Más allá de la web: La IA no solo interpreta tu web

El reto no termina en la web propia. Las inteligencias artificiales no siempre toman como referencia la fuente oficial. Pueden apoyarse en medios, agregadores, plataformas de venta, webs institucionales, reseñas, directorios o contenidos de terceros. Si ese ecosistema ofrece información contradictoria, incompleta o desactualizada, la marca se expone a que la respuesta final también lo sea.

Por eso, la gestión de la presencia digital ya no puede limitarse al dominio propio. Debe incorporar una revisión activa de las fuentes externas que contribuyen a construir la imagen de la organización. Esta es una de las diferencias más relevantes del GEO frente a una visión más clásica de la optimización: no basta con trabajar el contenido propio. También hay que observar qué fuentes cita la IA, qué entidades relaciona con la marca, qué información prioriza y qué señales externas pueden estar reforzando – o distorsionando – la respuesta final.

La reputación digital ya no depende solo de lo que una marca dice sobre sí misma, sino también de cómo otros sistemas recomponen esa información. Este cambio también obliga a repensar la medición. En el SEO tradicional, las organizaciones han aprendido a trabajar con indicadores relativamente consolidados: tráfico orgánico, rankings, impresiones, clics o CTR. En la búsqueda generativa, el mercado todavía está construyendo sus estándares.

Pero eso no significa que no haya nada que observar. Empiezan a ser relevantes nuevas señales: si una marca aparece o no en las respuestas de IA, en qué posición lo hace, con qué sentimiento se la asocia, qué fuentes se citan, qué competidores aparecen en la misma respuesta, qué errores persisten y qué información se repite. El clic sigue importando, pero ya no es la única unidad de valor. También importa ser mencionado, ser citado y, sobre todo, ser entendido.

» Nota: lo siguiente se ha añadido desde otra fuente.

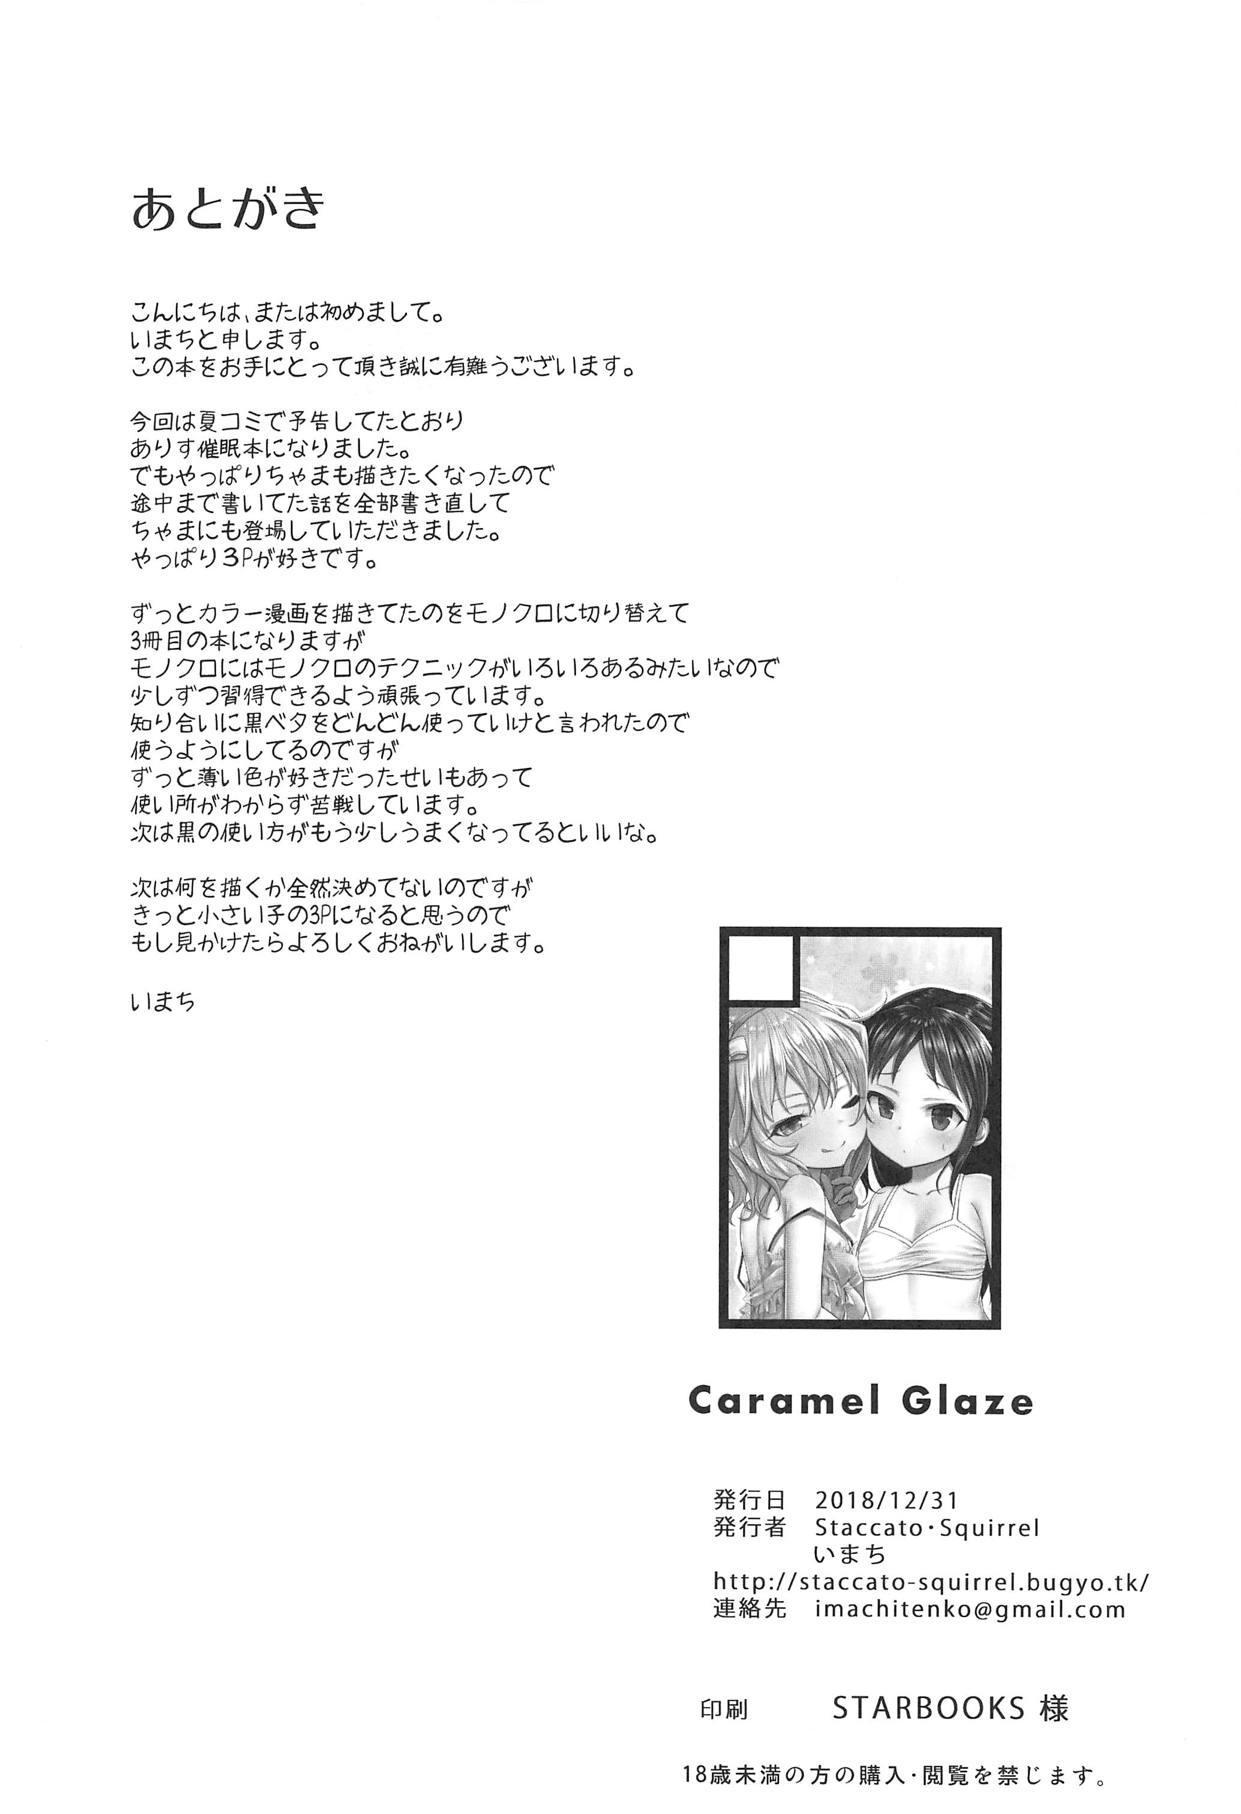 Caramel Glaze 24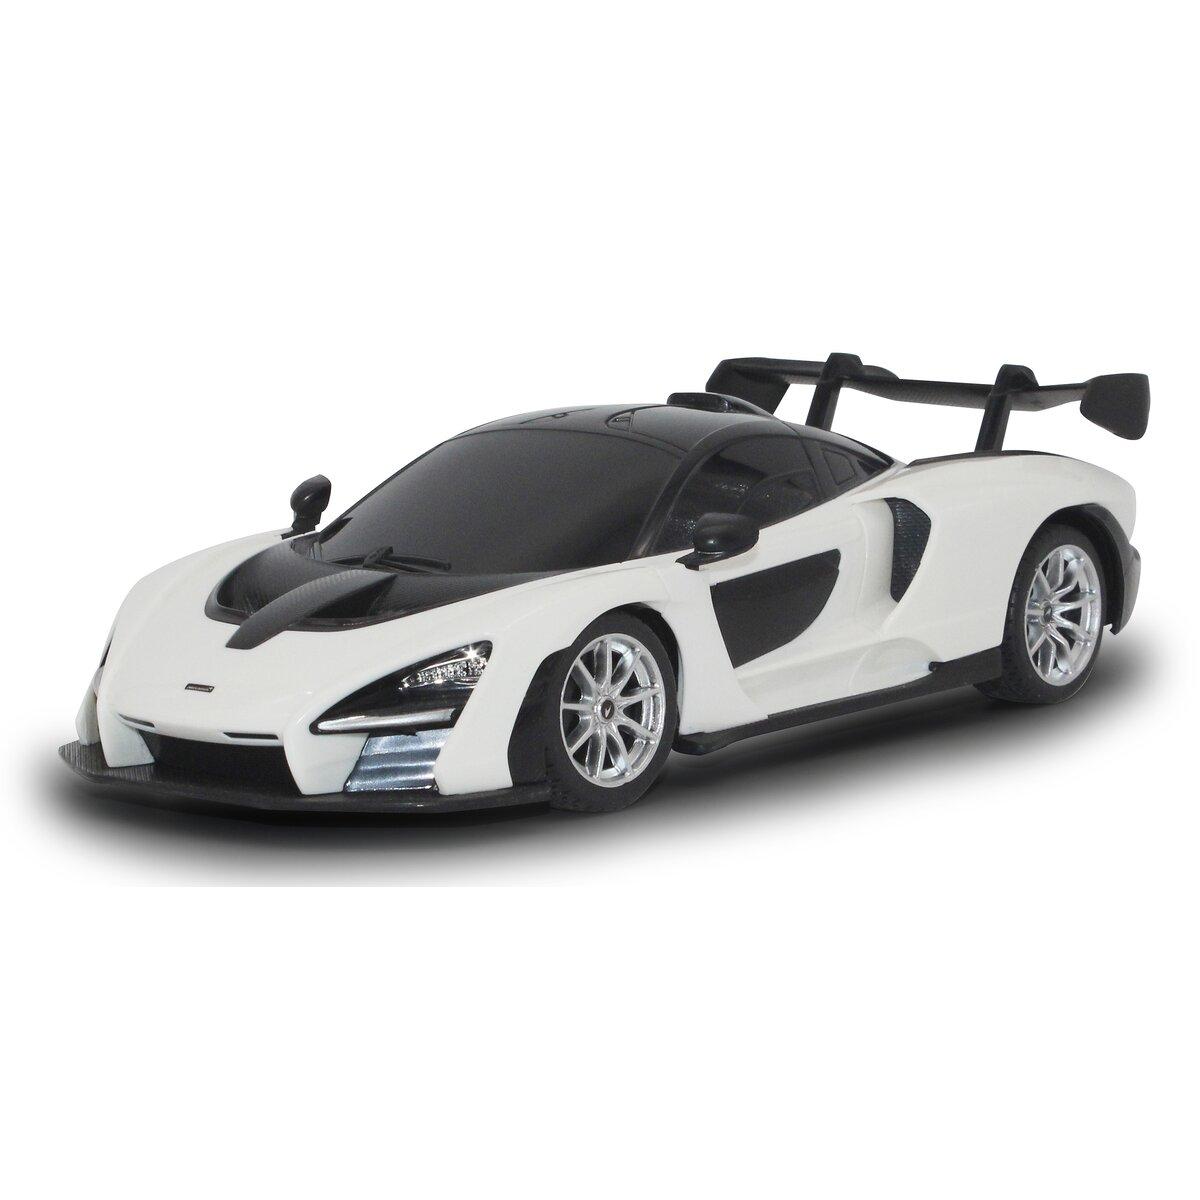 Jamara McLaren Senna 1:24 white 2,4GHz

La nueva responsabilidad de las marcas

Durante mucho tiempo, el objetivo fue conseguir que el usuario llegara a la web. Ahora el reto es más complejo: lograr que, incluso cuando no llegue, la información que reciba sea correcta, útil y coherente con la realidad de la marca.

En la era de la inteligencia artificial, las organizaciones no pueden controlar todas las respuestas que se generan sobre ellas. Pero sí pueden reducir el margen de error. Pueden ordenar mejor sus contenidos, reforzar sus fuentes oficiales, estructurar sus datos, actualizar su ecosistema externo y monitorizar cómo aparecen en los nuevos entornos de búsqueda.

La nueva visibilidad digital no consiste solo en estar presente. Consiste en ser interpretable. Porque cuando la IA responde por una marca, la reputación ya no se juega únicamente en lo que esa organización pública. También se juega en lo que la inteligencia artificial entiende, resume y recomienda sobre ella.

 

 

Adolfo Maceiras, digital & media senior director de Jakala.